Billy Kid 130 lat bez ułaskawienia

 
Ferrotyp przedstawiaijący Billy'ego the Kida

Rehabilitacja Billy'ego the Kida leży martwa w pyle - piszą amerykańskie media. Mimo pojawiających się ostatnio plotek, odchodzący w nastaniem Nowego Roku gubernator Nowego Meksyku Bill Richardson nie ułaskawił jednego z najsłynniejszych rewolwerowców Dzikiego Zachodu.

- Czułem, że nie mogę pisać historii na nowo - powiedział Richardson w piątek, w ostatnim dniu swojego urzędowania.
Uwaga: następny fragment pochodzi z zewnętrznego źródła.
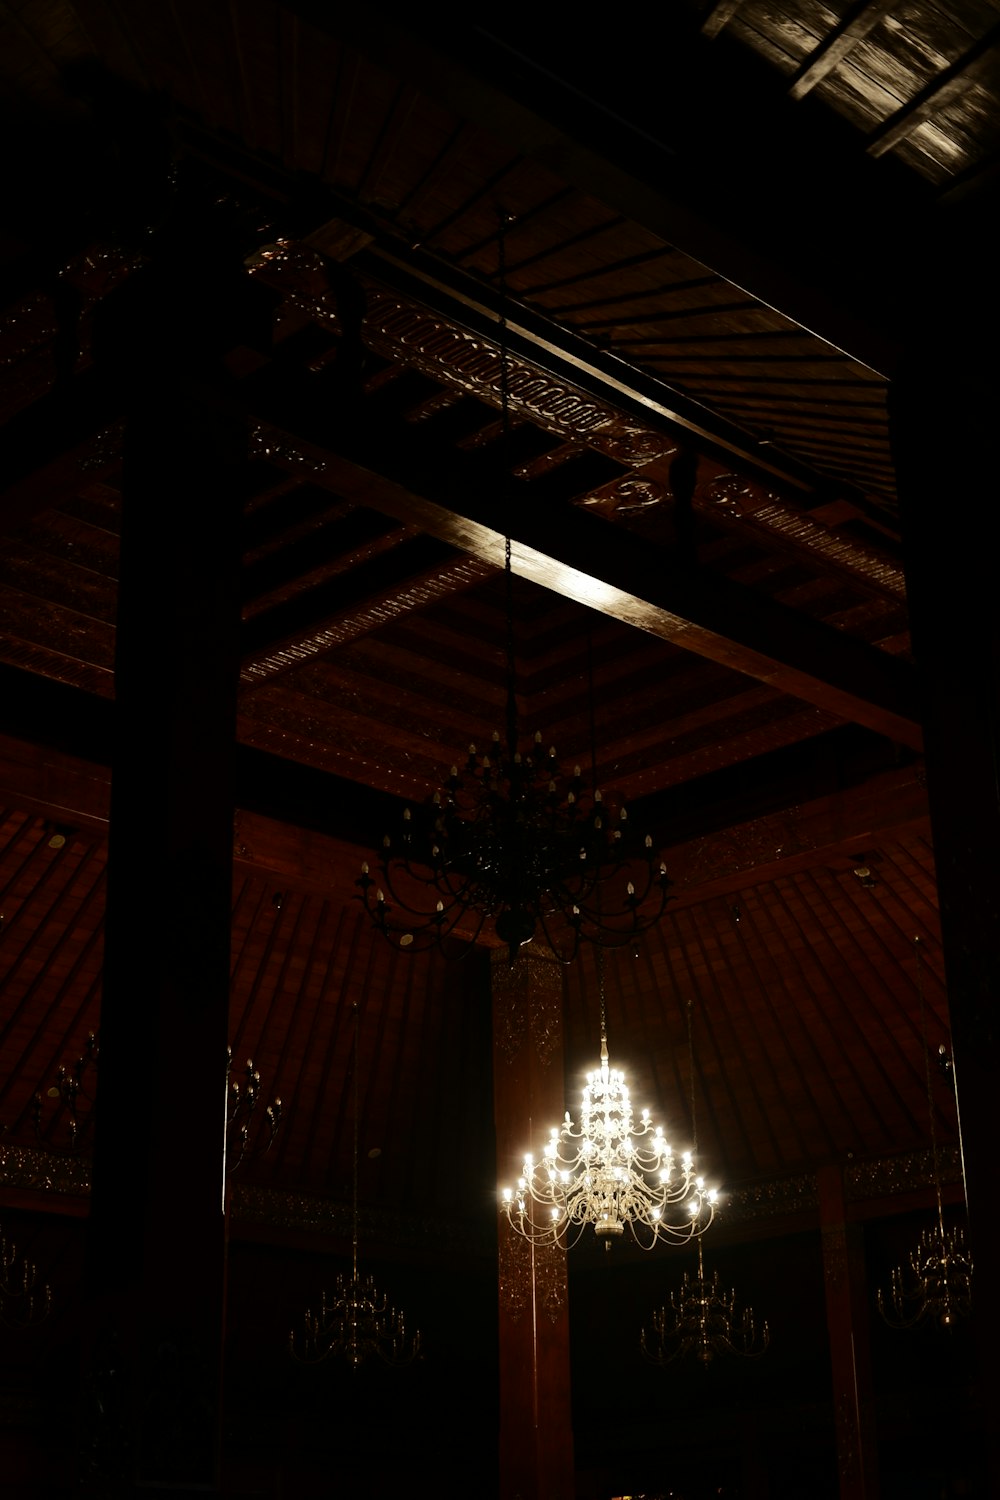 Un candelabro colgando del techo en una habitación oscura

Furtką do ułaskawienia Billy'ego the Kida była rzekoma umowa, zawarta między nim a ówczesnym gubernatorem Lewisem Wallacem (generałem wojny secesyjnej i autorem "Ben Hura"). Gubernator miał obiecać rewolwerowcowi ułaskawienia w zamian za zeznania na temat zabójstw, których był świadkiem.

Kid na "nie"

Richardson zgadza się z tym, że do ugody doszło, ale "nie jest jasne, dlaczego on (Wallace) umowy nie dotrzymał". Ten fakt i to, że Kid zabił dwóch zastępców szeryfa podczas ucieczki w więzienia Lincoln Count (gdzie oczekiwał na powieszenie za morderstwo szeryfa Williama Brady'ego), zadecydował o odrzuceniu ułaskawienia.

Stosowny dokument był już nawet gotowy, ale odchodzący gubernator decyzję na niekorzyść przestępcy podjął w czwartek wieczorem. Nowo upieczona gubernator Nowego Meksyku Susana Martinez zapowiedziała, że nie będzie nawet rozważać ułaskawienia rewolwerowca.

Według legendy, w trakcie swojego 21-letniego życia Billy the Kid (naprawdę Patrick Henry McCarty) zabił ponoć 21 osób. Został zastrzelony przez szeryfa Pata Garretta w lipcu 1881 roku.